Janaina Tavares es investigadora invitada en el centro MIRCo durante el curso 2025-2026. Es investigadora en el Doctorado en Discurso y Literacidad (Letramento) en la Universidade Federal de Rio de Janeiro (Brasil).

El 26 de noviembre, tuve el gran honor y la oportunidad de encuentrar la antropóloga brasileña Adriana Facina, conocida por sus investigaciones sobre los barrios periféricos, el samba, el funk y los trabajadores de la cultura. Facina formó parte de mi trayectoria académica, ya que fue mi profesora en el máster y miembro de mi banca también en el máster. Trabajos como los suyos me inspiraron a comprender las acciones culturales, como la que aquí se aborda, como prácticas de supervivencia, pero también de esperanza.

En esa ocasión, conversé con sus alumnos y alumnas de posgrado en el Institut dês Hautes Études de l’Amérique Latine, en la Universidad de la Sorbona, en París, en su curso «La périphérie, c’est de la périphérie n’importe où» y conocí la exposición Les Lucioles: Art, Culture te espoir dens lês péripheries urbaines de Rio et de Paris. El artículo leído en su curso, y sobre el que fui a comentar, se titula «Memórias de um sarau periférico: sobrevivência e esperança dos fazeres culturais e de pesquisa na Baixada Fluminense» (Memorias de un sarau periférico: supervivencia y esperanza de las actividades culturales y de investigación en la Baixada Fluminense). Texto escrito junto a mi querida orientadora Adriana Carvalho Lopes, investigadora en el área de Literacidad Contemporánea. Este trabajo trata de encuentros.

Encuentros entre la calle y la universidad, entre una profesora universitaria y una estudiante/activista, encuentros entre la práctica y la teoría, que es precisamente la propuesta y el movimiento que se ha llevado a cabo en los últimos años en las universidades públicas brasileñas, dentro de una agenda transperiférica, en la que dejamos de ser sujetos investigados y nos convertimos en sujetos investigadores, autores y autoras de nuestros propios textos. Entendiendo el terreno en el que nace esta escritura, pensé en titular esta pequeña presentación: «Estudios de una velada periférica y las nuevas formas de hacer investigación».

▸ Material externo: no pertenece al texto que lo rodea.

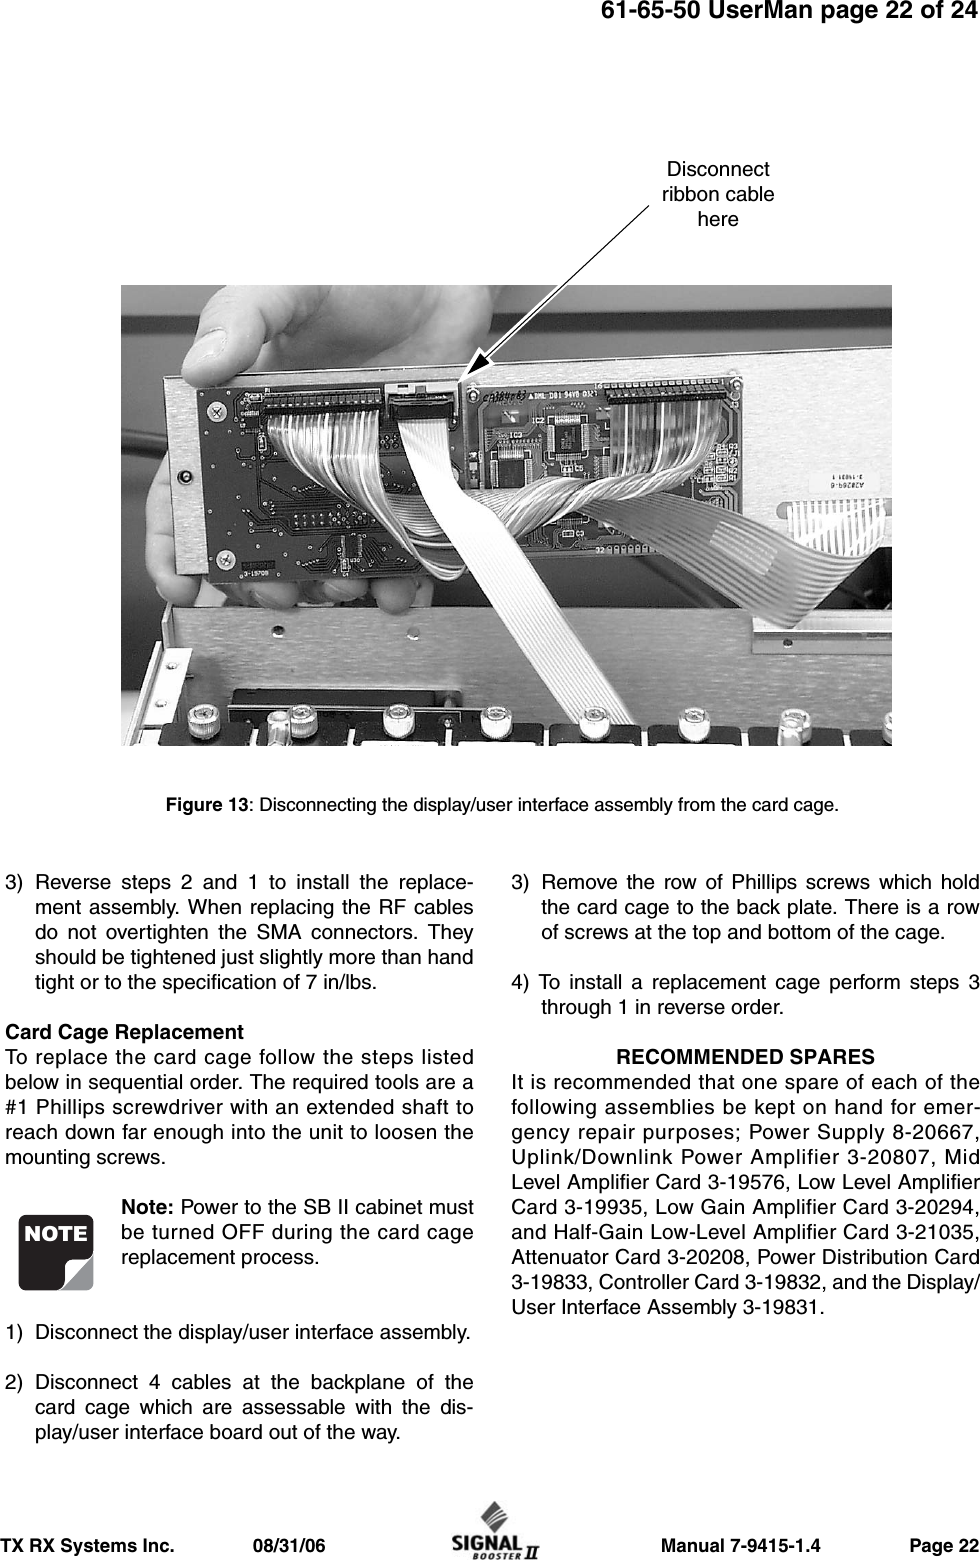                     Manual 7-9415-1.4                 Page 22TX RX Systems Inc.               08/31/0661-65-50 UserMan page 22 of 243) Reverse steps 2 and 1 to install the replace-ment assembly. When replacing the RF cablesdo not overtighten the SMA connectors. Theyshould be tightened just slightly more than handtight or to the specification of 7 in/lbs.Card Cage ReplacementTo replace the card cage follow the steps listedbelow in sequential order. The required tools are a#1 Phillips screwdriver with an extended shaft toreach down far enough into the unit to loosen themounting screws.Note: Power to the SB II cabinet mustbe turned OFF during the card cagereplacement process.1) Disconnect the display/user interface assembly.2) Disconnect 4 cables at the backplane of thecard cage which are assessable with the dis-play/user interface board out of the way.3) Remove the row of Phillips screws which holdthe card cage to the back plate. There is a rowof screws at the top and bottom of the cage.4) To install a replacement cage perform steps 3through 1 in reverse order.RECOMMENDED SPARESIt is recommended that one spare of each of thefollowing assemblies be kept on hand for emer-gency repair purposes; Power Supply 8-20667,Uplink/Downlink Power Amplifier 3-20807, MidLevel Amplifier Card 3-19576, Low Level AmplifierCard 3-19935, Low Gain Amplifier Card 3-20294,and Half-Gain Low-Level Amplifier Card 3-21035,Attenuator Card 3-20208, Power Distribution Card3-19833, Controller Card 3-19832, and the Display/User Interface Assembly 3-19831.NOTEFigure 13: Disconnecting the display/user interface assembly from the card cage.Disconnectribbon cablehere

Partiendo de la idea de que nosotras, las investigadoras periféricas, hablamos desde un lugar específico, comencé presentándome desde dónde hablo y quién soy. En esta estancia aquí en Madrid, junto a la profesora Luisa Rojo, me he presentado a la gente señalando que mi nombre es afroindígena, un nombre que, al igual que el de la ciudad donde nací, Nova Iguaçu, lleva el agua en su significado y en su alma, y que para mí significa movimiento. Nova Iguaçu es un municipio de casi 900 000 habitantes, situado en la Baixada Fluminense, región metropolitana de Río de Janeiro, un territorio marcado por la falta de políticas públicas, los extremos climáticos y los altos índices de violencia. Pero también es un lugar de intensa efervescencia cultural, con zonas verdes, naturaleza y mucho potencial creativo.

Imagen: Janaina Tavares. Estación de tren de Nova Iguaçu (2021)

En esa ciudad, mi abuela, procedente de Bahía, en el noreste de Brasil, crió a sus seis hijos, y mi madre crió a sus tres hijas. Soy hija de costureros: mi madre, María, cosió toda su vida; mi padre, Paulo, fue cortador de ropa y trabajó en la industria textil hasta el final de sus días.

Crecí en un barrio periférico. Jugaba mucho en la calle, descalza, pero también me encantaba jugar a la escuela, a las muñecas, y pasaba muchos veranos en el nordeste de Brasil. Siempre digo que la poesía me salvó en varios momentos de mi vida. Fui militante estudiantil, la primera de mi familia en acceder a la educación superior pública, trabajé como productora cultural y participé en viajes y proyectos sociales en el sertón nordestino y en las favelas de Río.

Fotos: archivo personal. De arriba a abajo: María Cristina, mi madre; yo con el uniforme del colegio de primaria: y yo reunida con una familia sertraneja de Pernambuco, Noroeste Brasileiro.

Todas estas experiencias me han formado como investigadora y me han traído hasta aquí.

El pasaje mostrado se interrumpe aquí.